- [Work required] Look below for the line with "En flaske 2020" and the line with "Embellished Comfort Sandals"; repeat exactly those two lines and all lines between them, but no pictures.

- [Available records]
━━━

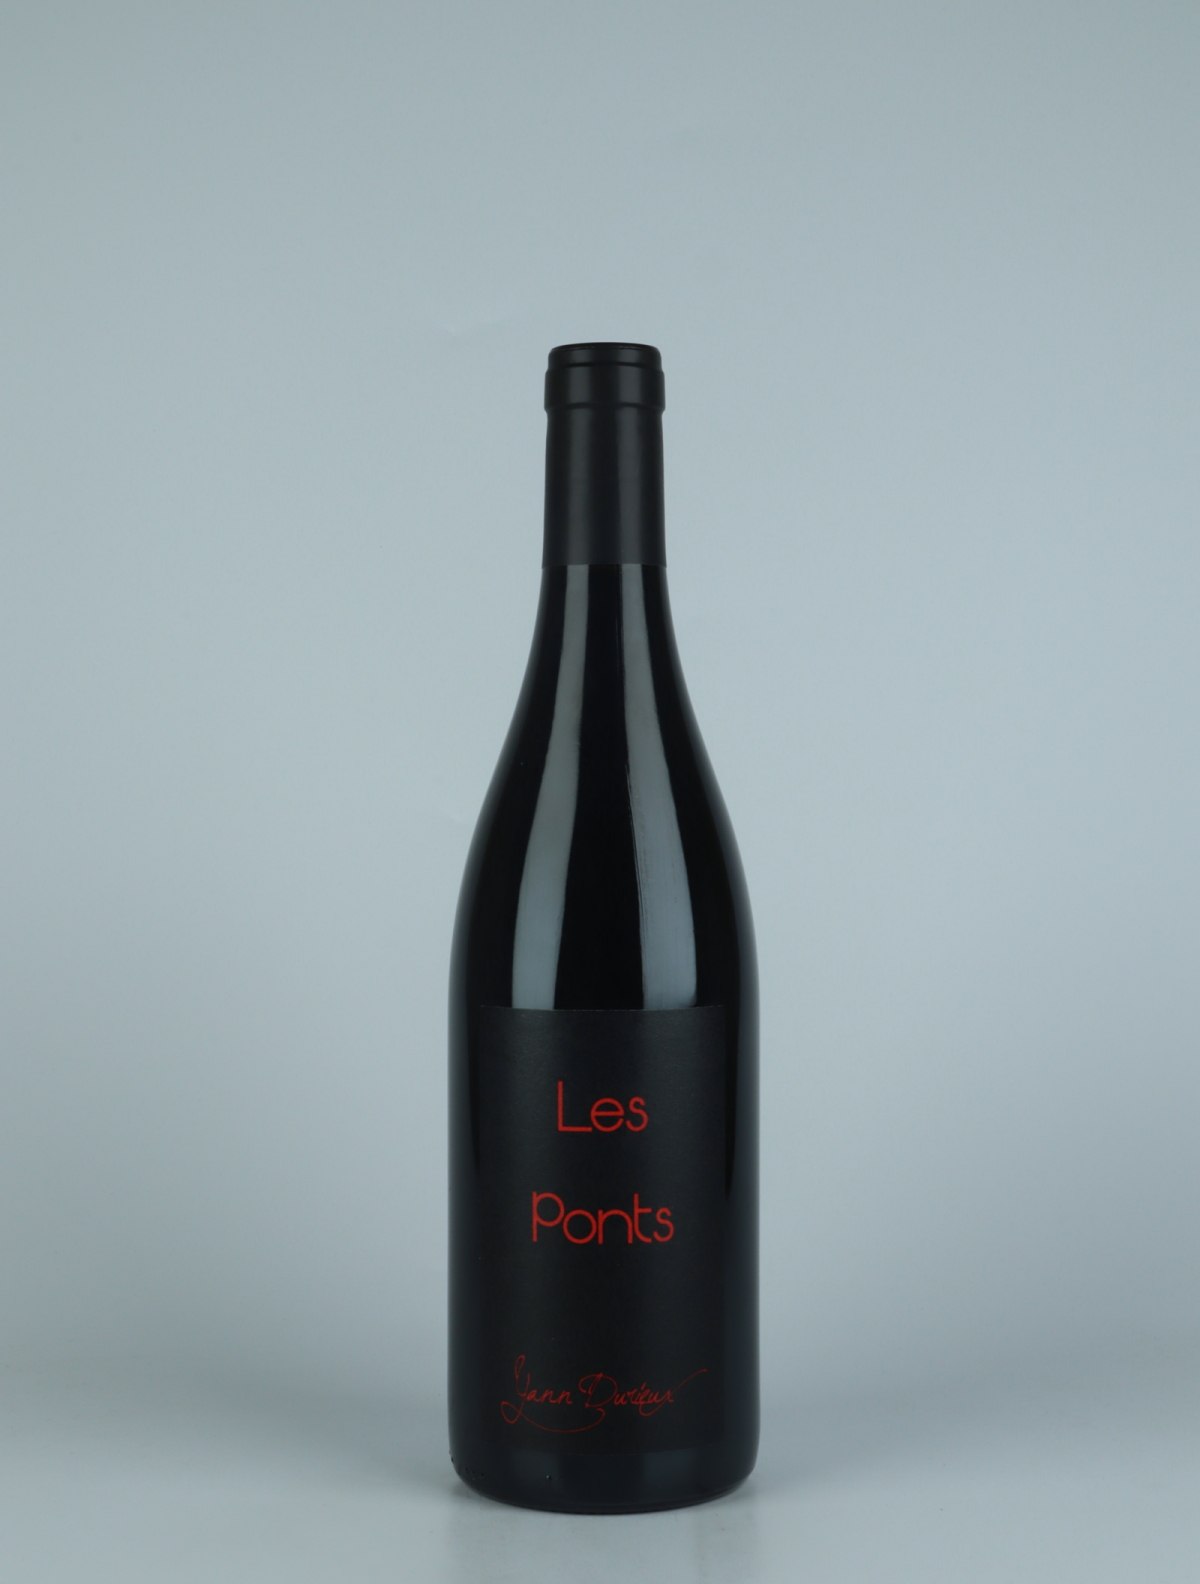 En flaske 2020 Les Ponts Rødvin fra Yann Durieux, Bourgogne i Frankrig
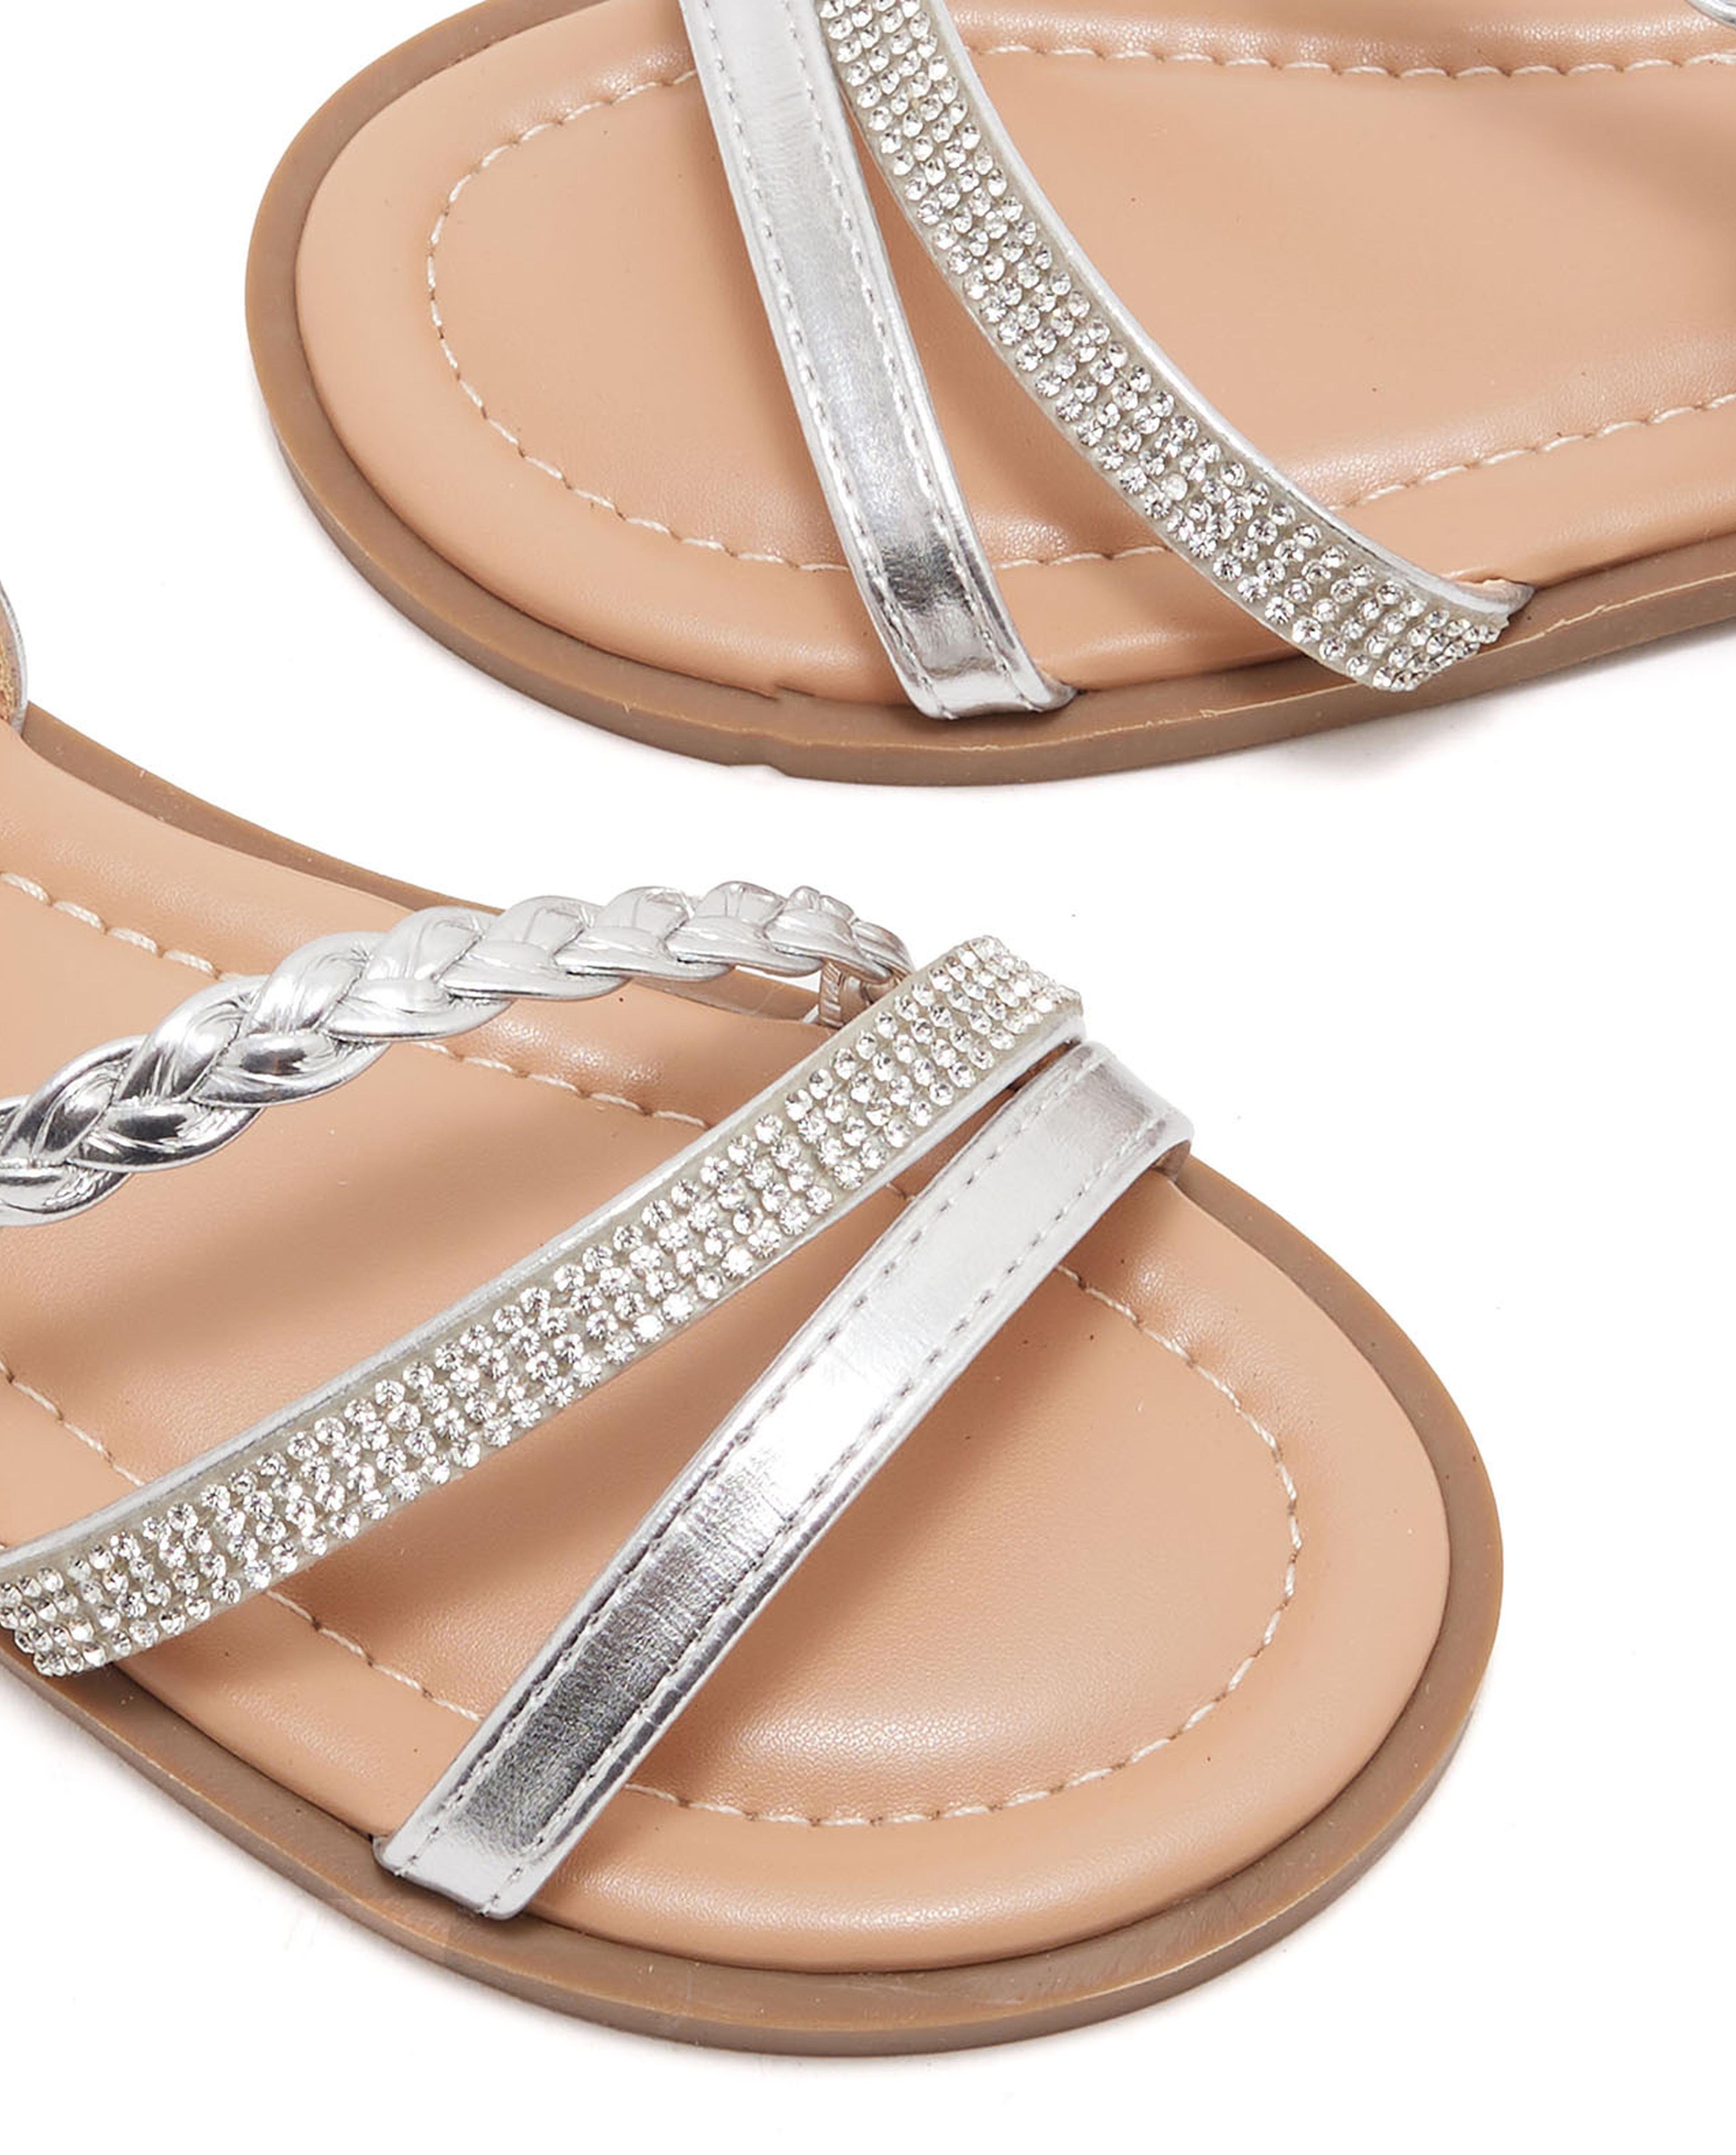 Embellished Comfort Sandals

━━━

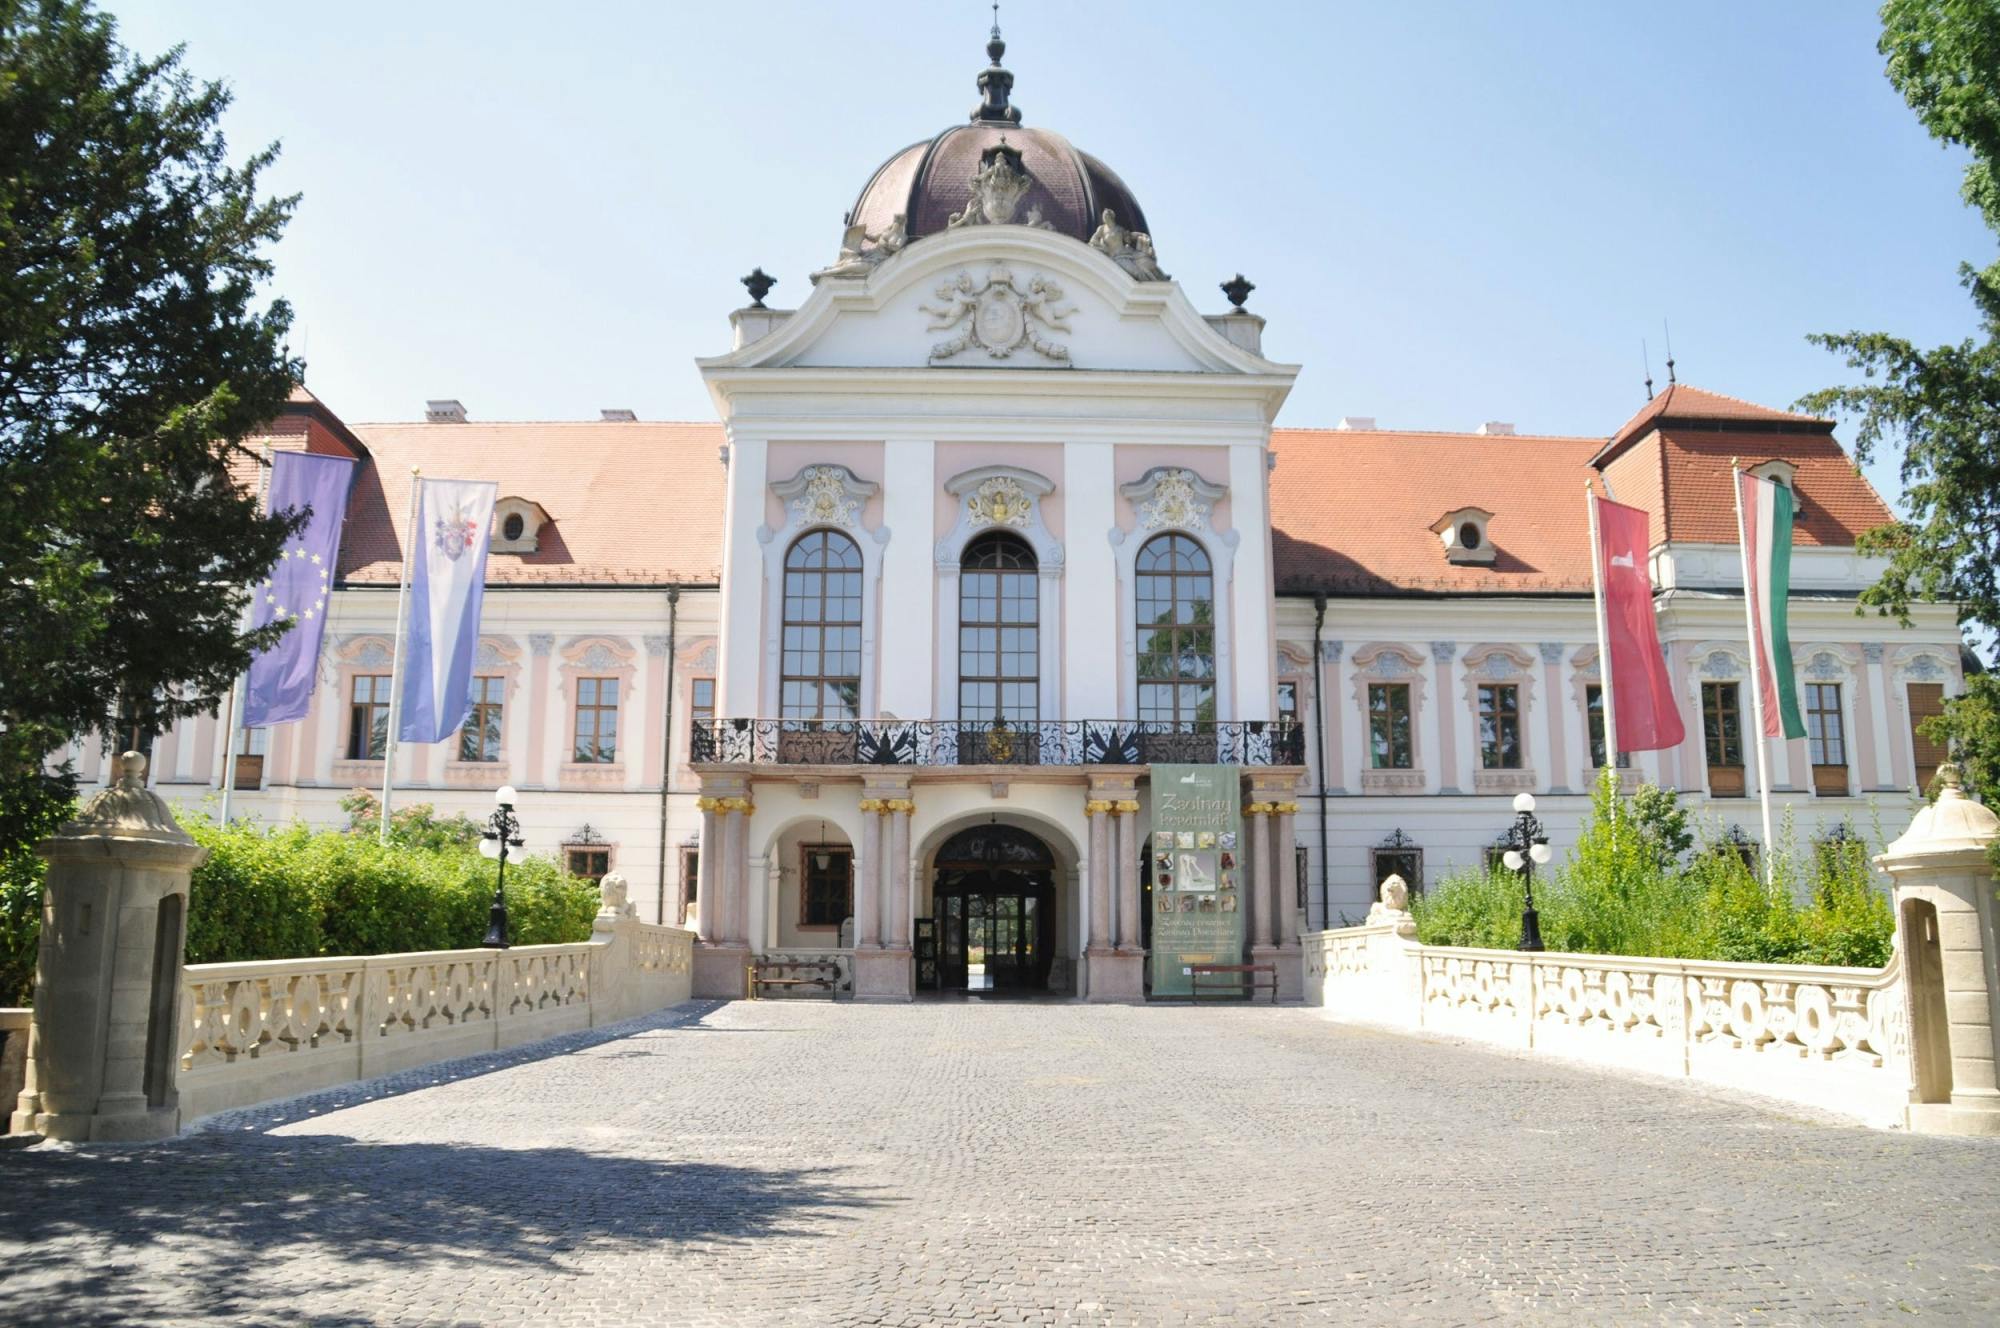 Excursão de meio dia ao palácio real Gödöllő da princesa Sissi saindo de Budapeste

━━━

- [Solution]
 En flaske 2020 Les Ponts Rødvin fra Yann Durieux, Bourgogne i Frankrig
 Embellished Comfort Sandals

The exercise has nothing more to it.